[2.4] INTERNAL_SERVER_ERROR on various operations without crash logs, which seemingly continue to work (e.g. release, allocate)

Bug #1761530 reported by Andres Rodriguez on 2018-04-05
14
This bug affects 2 people
Affects Status Importance Assigned to Milestone
MAAS
High
Blake Rouse

Bug Description

There's two situations where logs are being suppressed:

# As per Jasons bug.

In maas 2.4, we're seeing lots of 500 responses to allocate requests. In those requests, maas is setting the node to ALLOCATED but is returning a 500 code.

Here's two examples from the same machine and same run:

http://paste.ubuntu.com/p/PDnYvnhmrP/

We've seen this on:
maas_2.4.0~beta3-6863-ge11fd5e-0ubuntu1~18.04.1~20180418~ubuntu18.04.1

and on:
2.4.0~beta2-6865-gec43e47e6-0ubuntu1

We're also seeing 500 responses on "release" operations and metadata posts in the same runs.

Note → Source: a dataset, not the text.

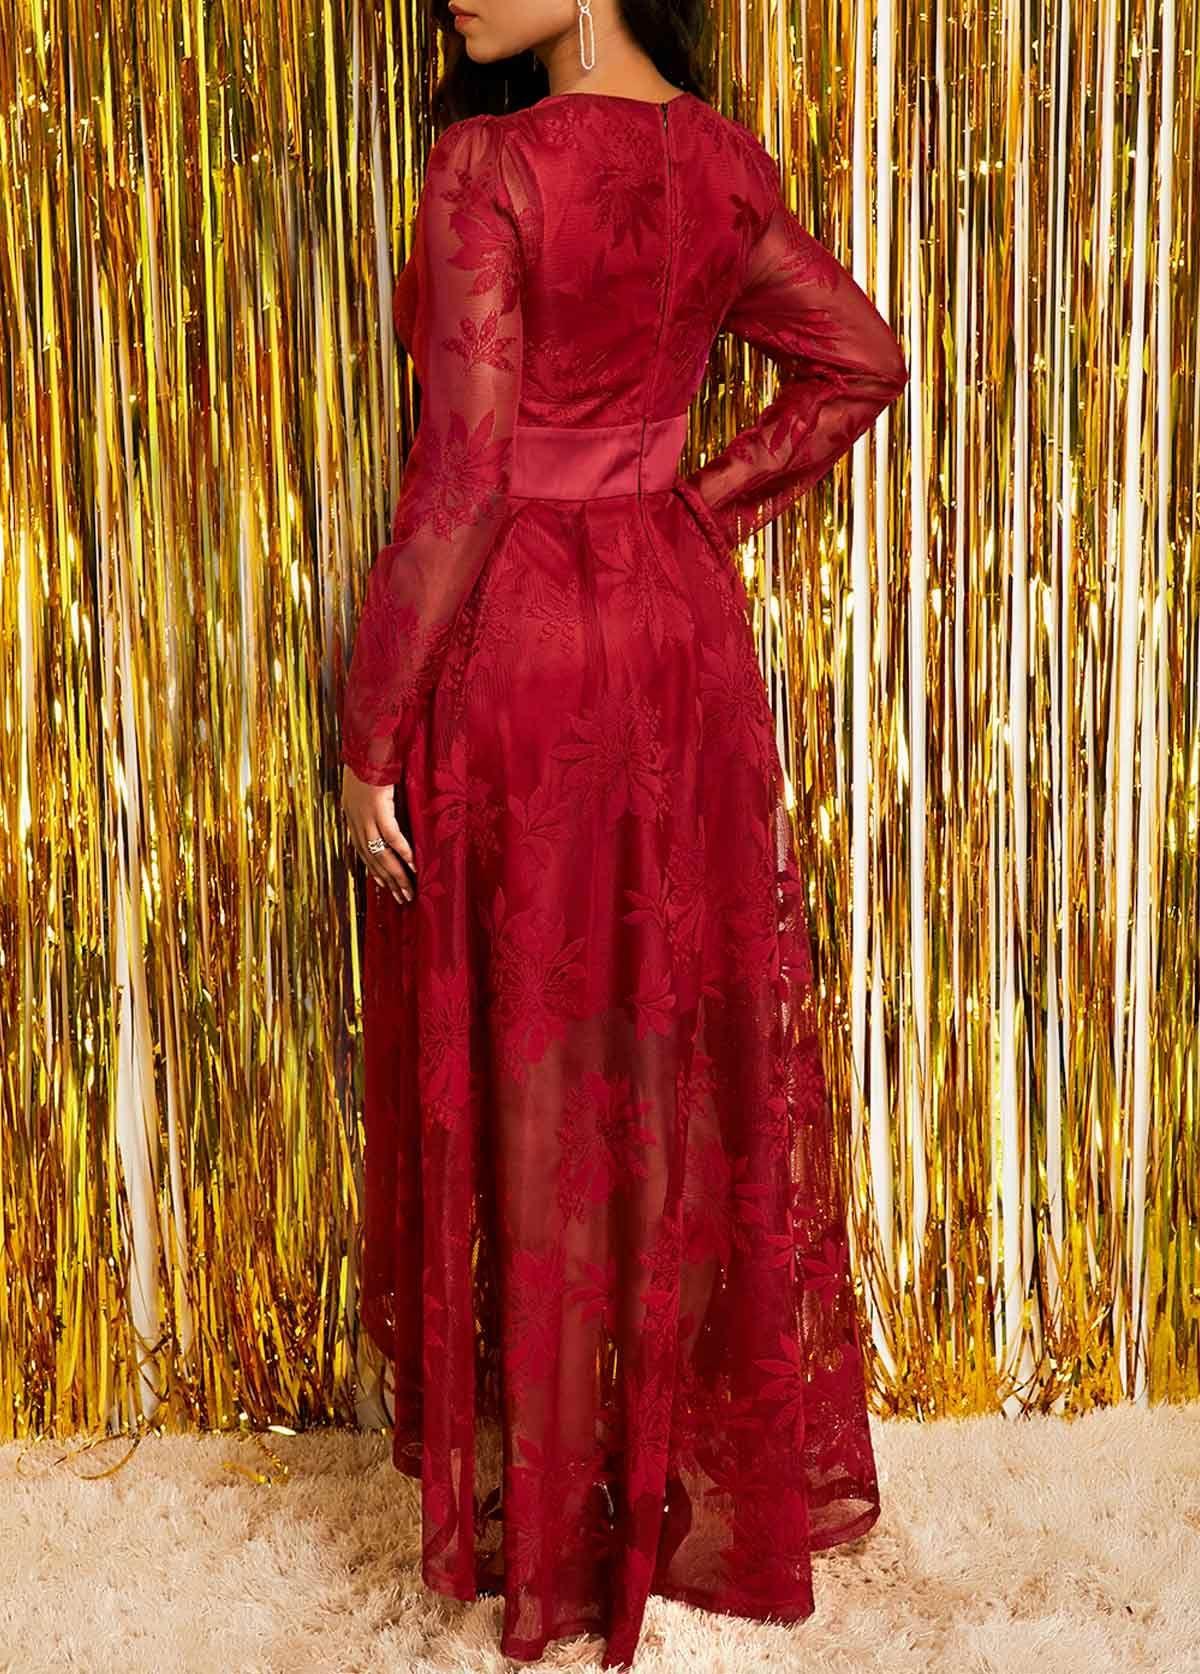 Band Waist Long Sleeve Wine Red Lace Dress Rotita Com Usd 32 52 Vestidos Azules Vestidos Largos Ropa De Oficina
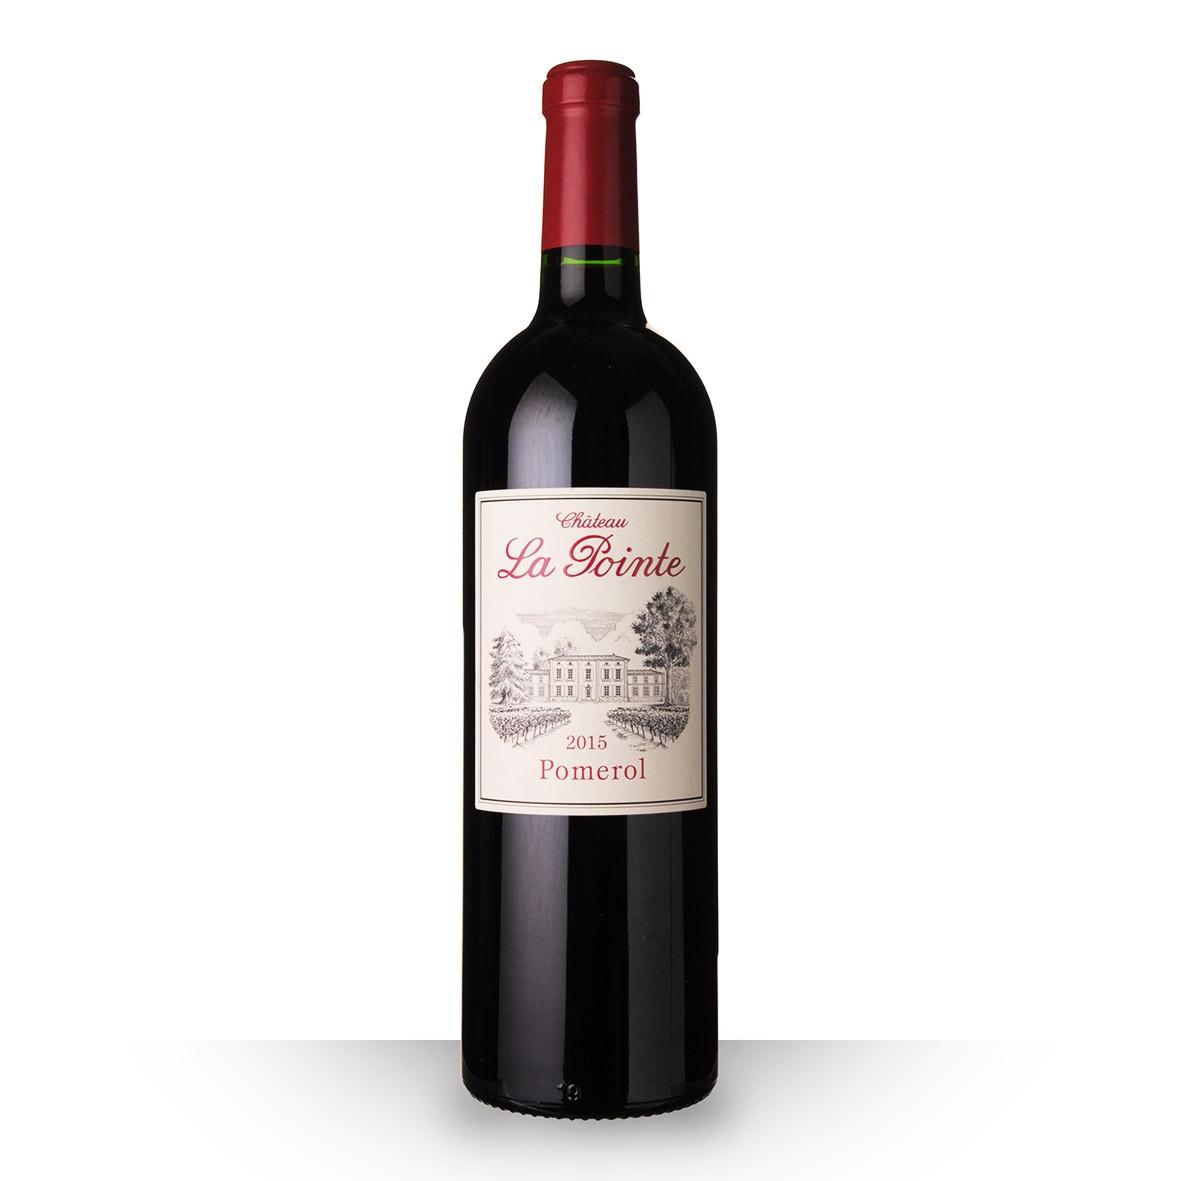 Château la Pointe Pomerol Rouge 2015 75cl www.odyssee-vins.com

We believe these 500 errors are causing issues with juju not being able to recognize which machine's it's successfully allocated.

# As per CI.

======================================================================
ERROR: maas-integration.TestMAASIntegration.test_region_rack_connected
----------------------------------------------------------------------
testtools.testresult.real._StringException: Empty attachments:
  stderr for maas maas ['rack-controllers', 'read']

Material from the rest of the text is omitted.